It's the phone call every parent dreads. Your little one is hitting, biting or otherwise misbehaving at day care. Before you panic or assume that you've somehow ruined your child, remember that these behaviors are common in young children -- particularly in a day care environment. Little ones simply lack the emotional and verbal skills to consistently negotiate the social dynamics of day care in appropriate ways. There's always a reason for behavior, so spend some time unraveling possible causes, rather than punishing your child or going on a guilt trip. In some cases, a change of day care setting might be the answer.
Even the most easygoing toddler or preschooler has the occasional meltdown in day care. Tantrums happen when your little one is tired, hungry, overwhelmed or frustrated and can't express her needs verbally. Some kids find the bright lights, noise and clutter in the typical classroom overstimulating, which can also cause meltdowns. If tantrums are frequent, talk with your child's teacher about the possible causes. Perhaps your child tends to have tantrums late in the day when she's tired or during the chaotic transition before lunch. By pinpointing the cause of tantrums, the teacher can anticipate and prevent them. For example, if transitions set your child off, ask the teacher to give plenty of warning beforehand. If the room seems busy and loud, encourage the teacher to offer a quiet corner or let your child walk down the hall if she seems overstimulated.
Defiance in young children can make adults see red, but it's not entirely a bad thing. Defiance is a sign that your child is struggling to become more independent. Encourage teachers to set reasonable, fair boundaries and to consistently enforce them. Sometimes, children are defiant because adults are wishy-washy or ambiguous in their expectations. An adult's tone can also determine the outcome. A respectful, kind request usually gets better results than sarcasm, yelling or criticism. At home, follow a similar pattern. Offer choices and encourage independence whenever possible. Set simple rules and consistently, but kindly, enforce them. Kids need and want secure boundaries, says early childhood development expert, Faith Golden, M.A., owner of Its Apparent, a behavioral and parenting support service in Encino, California. According to Golden, "Toddlers and all children need to know that you mean what you say and say what you mean. This is part of a secure attachment where the child knows that the adult will take care of him and keep him safe."
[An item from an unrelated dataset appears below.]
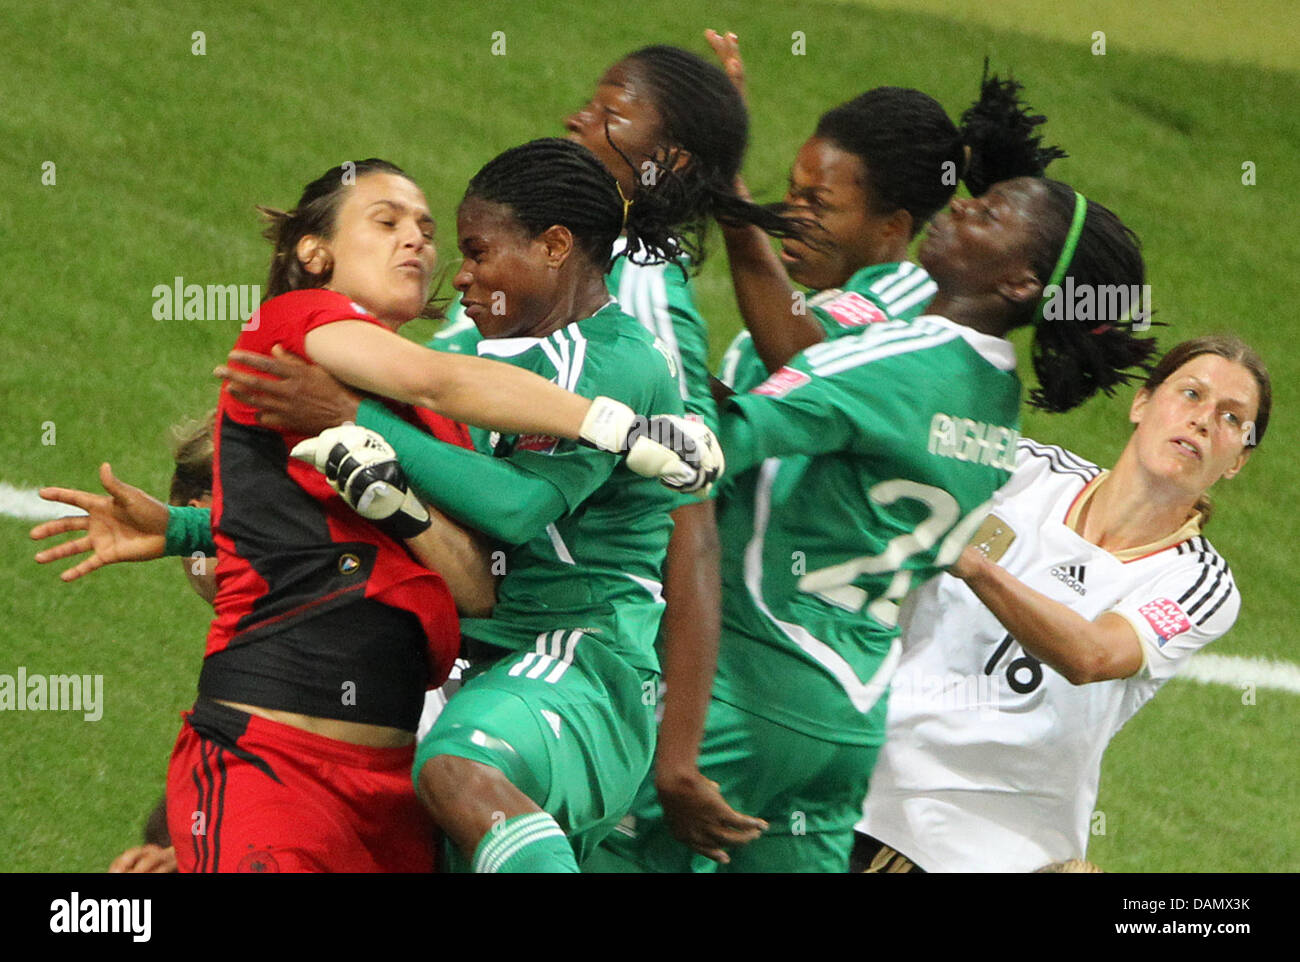 Germany's goalkeeper Nadine Angerer clashes with Nigerian players during the Group A match Germany against Nigeria of FIFA Women's World Cup soccer tournament at the FIFA Women's World Cup Stadium in Frankfurt, Germany, 30 June 2011. Foto: Roland Holschneider dpa/lhe  +++(c) dpa - Bildfunk+++ Stock Photo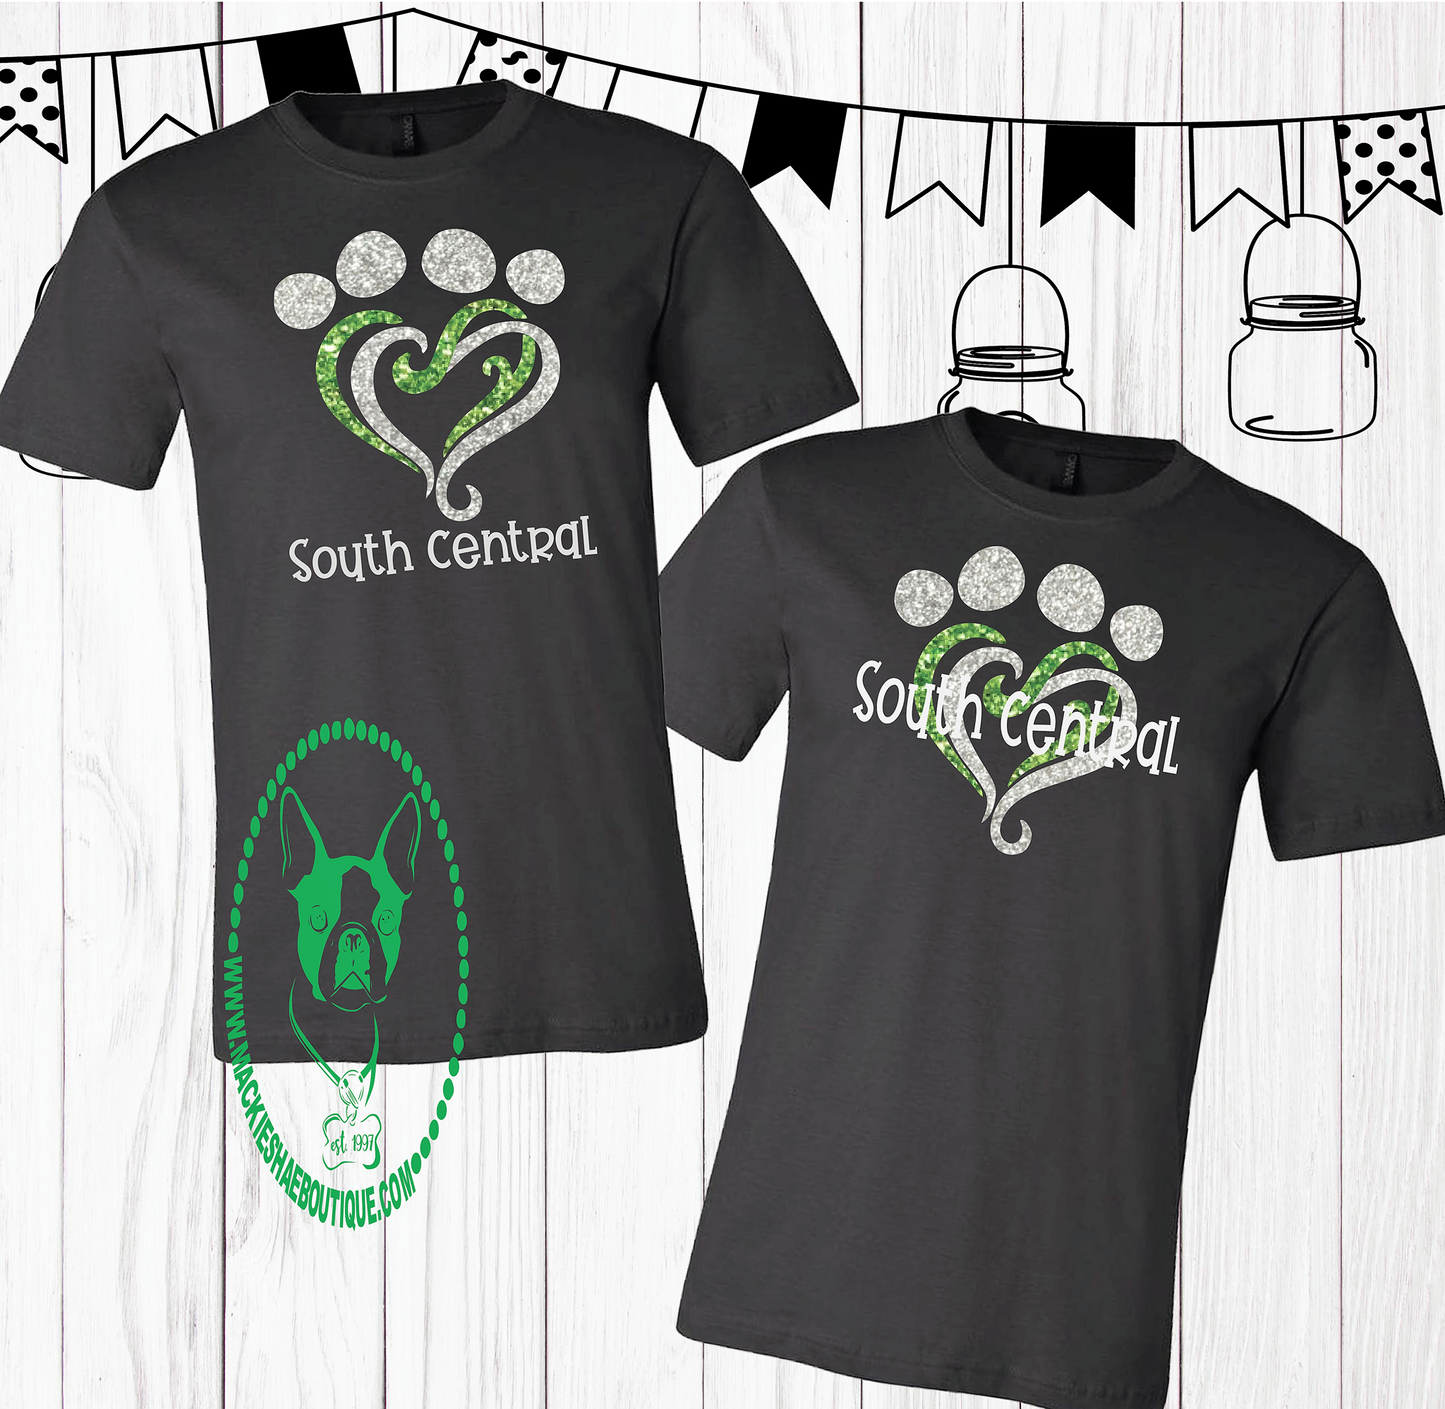 South Central Heart Paw Custom Shirt (4 different options), Short Sleeve

In a day care setting, young children are expected to interact and play together for eight hours or more each day. This expectation is completely unrealistic for most toddlers and preschoolers. Sharing, taking turns and getting along are advanced skills with which even some adults struggle. If your child is hitting in day care, work with the teacher to offer some social skills training. Teachers can use puppets or role playing to model how to ask for turns and share. Teachers should also observe children and intervene when conflict brews. Smaller class sizes and a balanced program of active and quiet activities can also reduce stress. At home, talk with your child about his frustrations. Say, "I can see how mad you get at Brandon. You may not hit or kick though. When you're mad, you can talk to the teacher or go to the cozy corner for a minute."
Perhaps more than any other behavior, biting is the one parents and teachers fear most. Biting is actually an extremely common toddler behavior. In fact, up to half the children in day care settings under age 3 have been bitten by another child, according to the American Psychological Association. Biting is simply a way of expressing feelings of frustration and anger. The most effective way to curb biting is by providing more supervision and intervening before a child reaches the boiling point. Some schools even hire additional staff for toddler rooms if toddlers are going through a biting phase. When a biting incident occurs, talk with your child about what happened. Don't scold or punish, but articulate your child's feelings for her. "I bet you were really mad when Lucy took your toy. That would make me mad too. It's not okay to bite, though. Biting hurts. You can ask your teacher to help you instead."